Momo ended up sleeping on the couch that night, not because Kaidoh kicked him out but because Momo was sulking and half hoping that Kaidoh would yell at him to get into bed. He never did, though. Momo ended up being late to class, too, because Kaidoh didn’t wake him up.

***

“Look, I’m sorry about the whole wife thing,” Momo said, trotting to catch up to Kaidoh in the hallway. Their next classes were right next door to each other.

Kaidoh ignored him.

“It’s not your fault that you love to clean.”

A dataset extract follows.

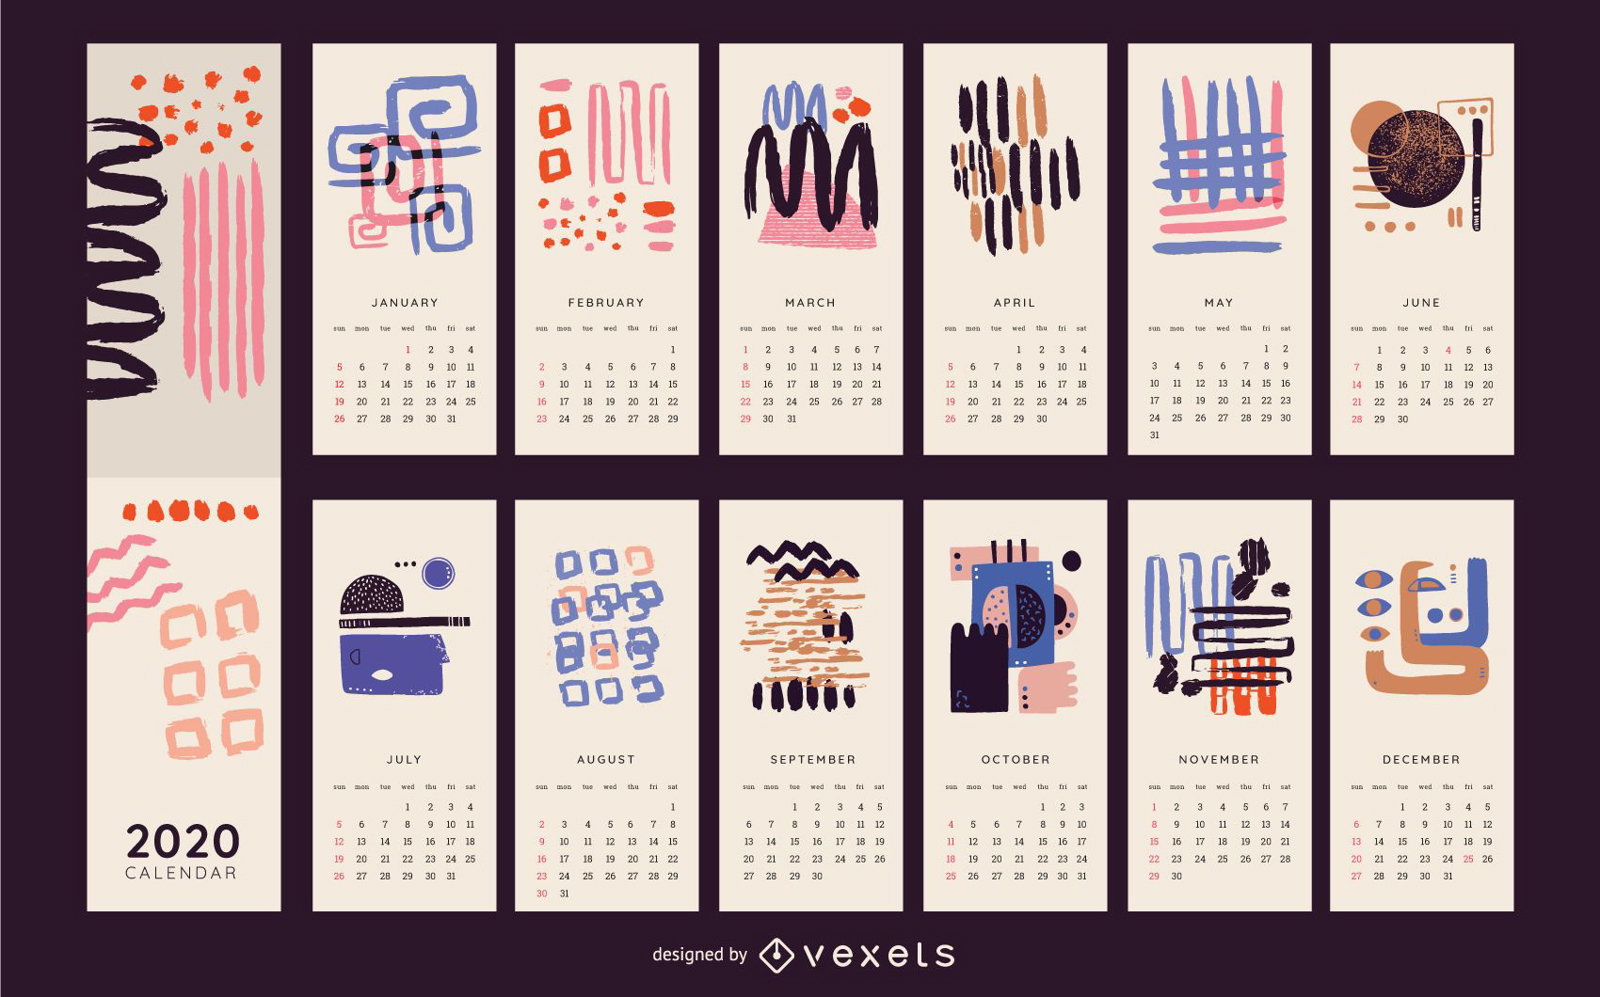 Abstract colorful 2020 calendar design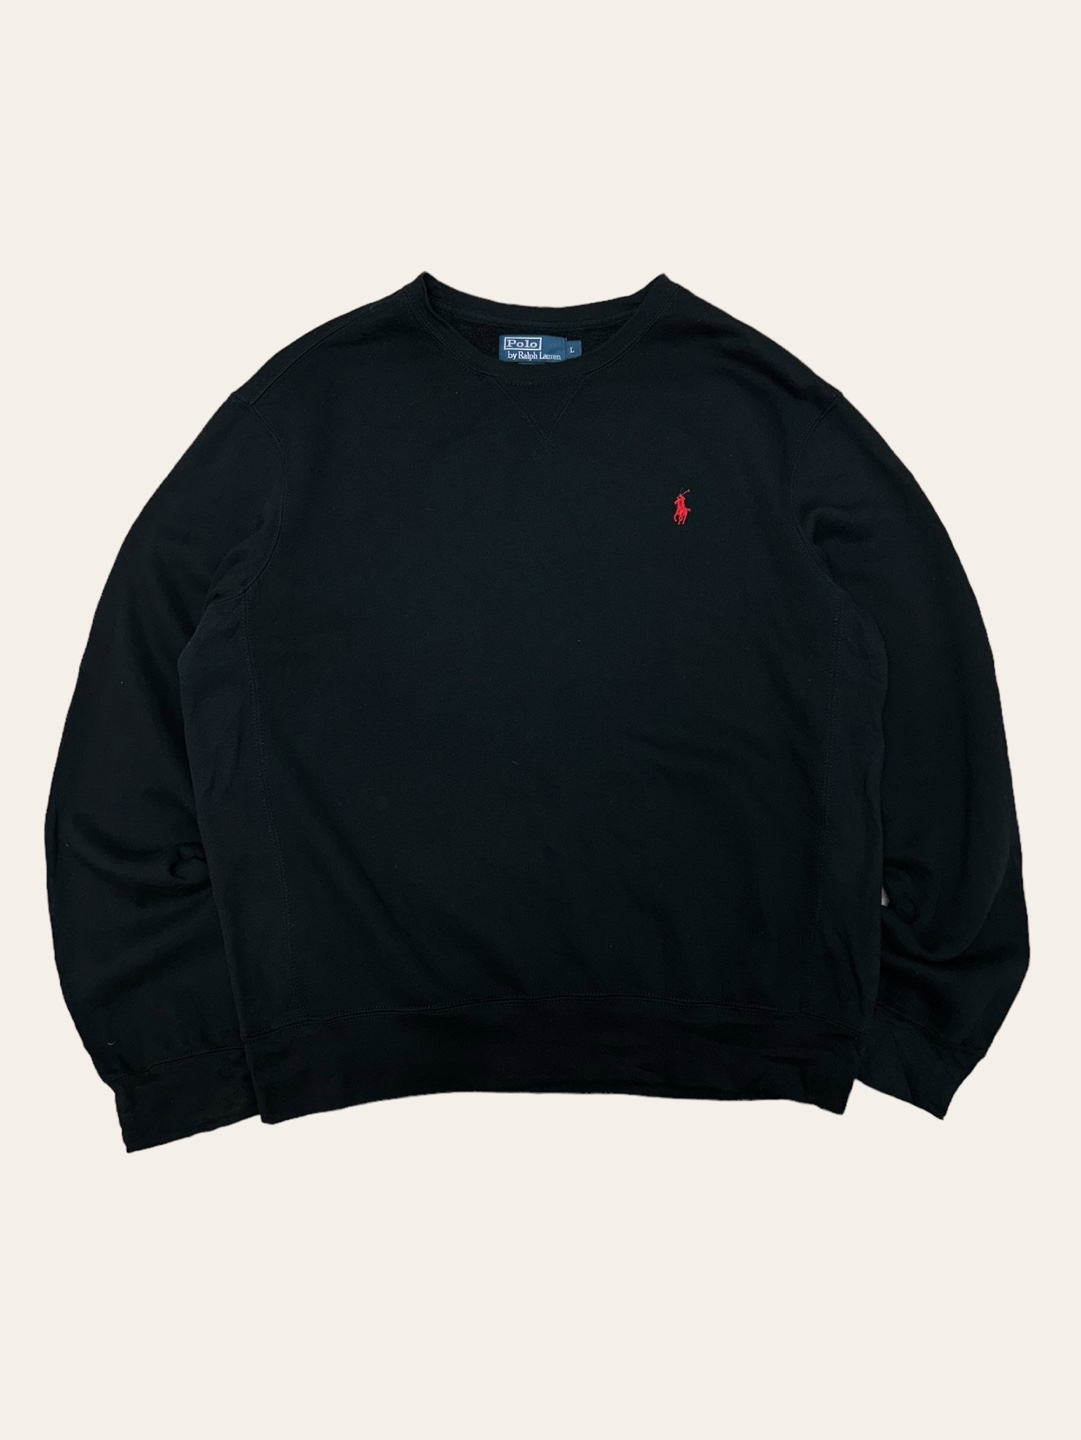 (From USA)Polo ralph lauren black cotton sweatshirt L

Kaidoh kept on ignoring him, but he scowled a little.

“Like it’s not my fault that I like to cook more than you do,” Momo kept on.

“All right, fine,” Kaidoh muttered, finally looking at Momo. “I forgive you. Will you go away now?”

“Yeah,” Momo said, then paused. “You really forgive me?”

“Yes.”

“Okay.”

***

That night Kaidoh cooked dinner for them, and it turned out okay. Momo made a halfhearted attempt to dust some shelves, which was all right until he almost sent three picture frames crashing to the floor. Then he gave up and just straightened everything in the living room.

“You do a horrible job of cleaning,” Kaidoh grumbled at the table.

“Your cooking is practically inedible,” Momo retorted, then they both shut up and that was the end of it.

Except that Momo still thought that Kaidoh was more like the wife.